Sustentando que tais valores “devem ser substancialmente reduzidos” com fundamento nos critérios definidos pelos artigos 496ºn.º3 e 494º do C. Civil.

3.1. Em relação ao primeiro (dano patrimonial/capacidade de ganho), sustenta o recorrente, em suma, que o demandante alegou que tinha ficado privado de executar qualquer tipo de trabalho ou biscate, mas resulta provado, apenas, que “o arguido AA tem maiores dificuldades em efectuar qualquer tipo de tarefa…”, não ter sido apurado o grau de IPP de que o demandante estará afectado.

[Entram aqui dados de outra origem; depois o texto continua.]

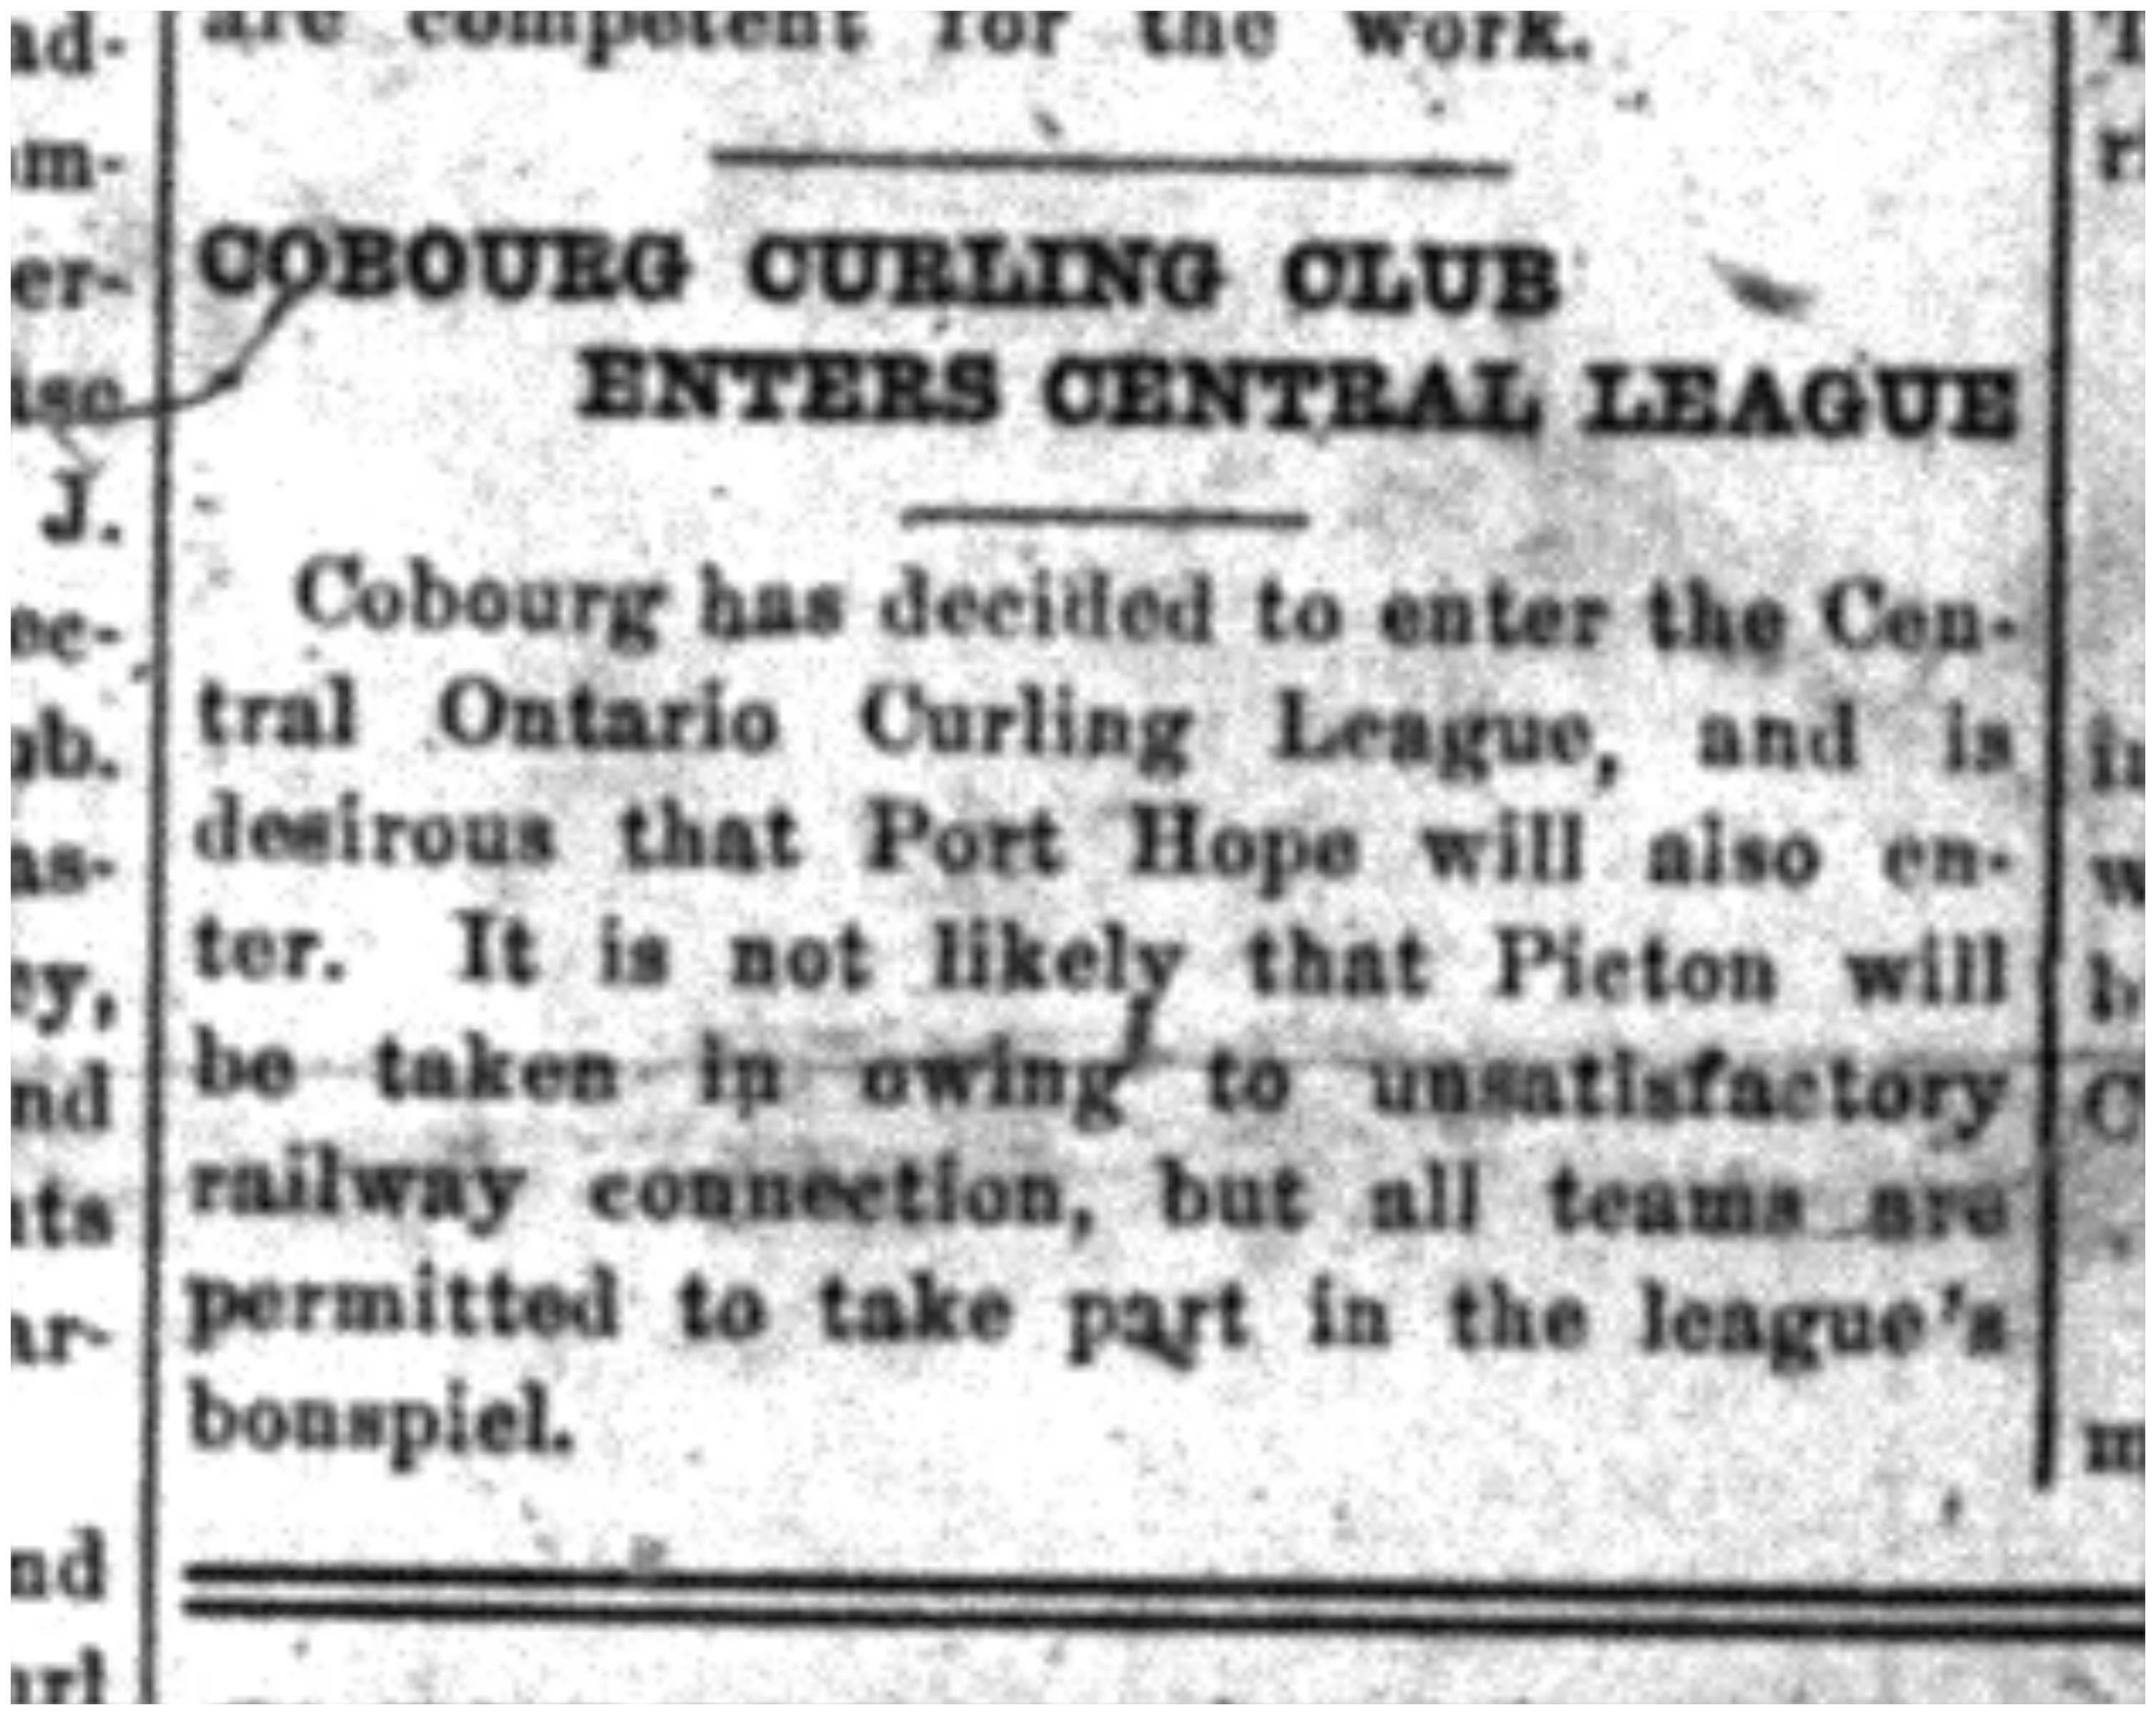 1919-12-18 Curling -Cobourg in Central League

Na perspectiva de que, tendo o demandante pedido a quantia de € 10.000,00 por determinado dano e tendo-se provado um dano “menor” que o alegado não inibindo as lesões o exercício da actividade, mas apenas dificultando o exercício dessa actividade, devia a quantia pedida ser “reduzida em conformidade” com a menor relevância do dano.
Ora, o que releva, para efeito da atribuição da indemnização, não é a “proporção” ente a matéria alegada e aquela que logrou provar. Mas a real e efectiva dimensão do dano que emerge da matéria provada em confronto com as normas jurídicas aplicáveis. Aliás o tribunal está vinculado ao pedido formulado pelo demandante mas não ao valor de cada uma das múltiplas parcelas em que o pedido se decompõe.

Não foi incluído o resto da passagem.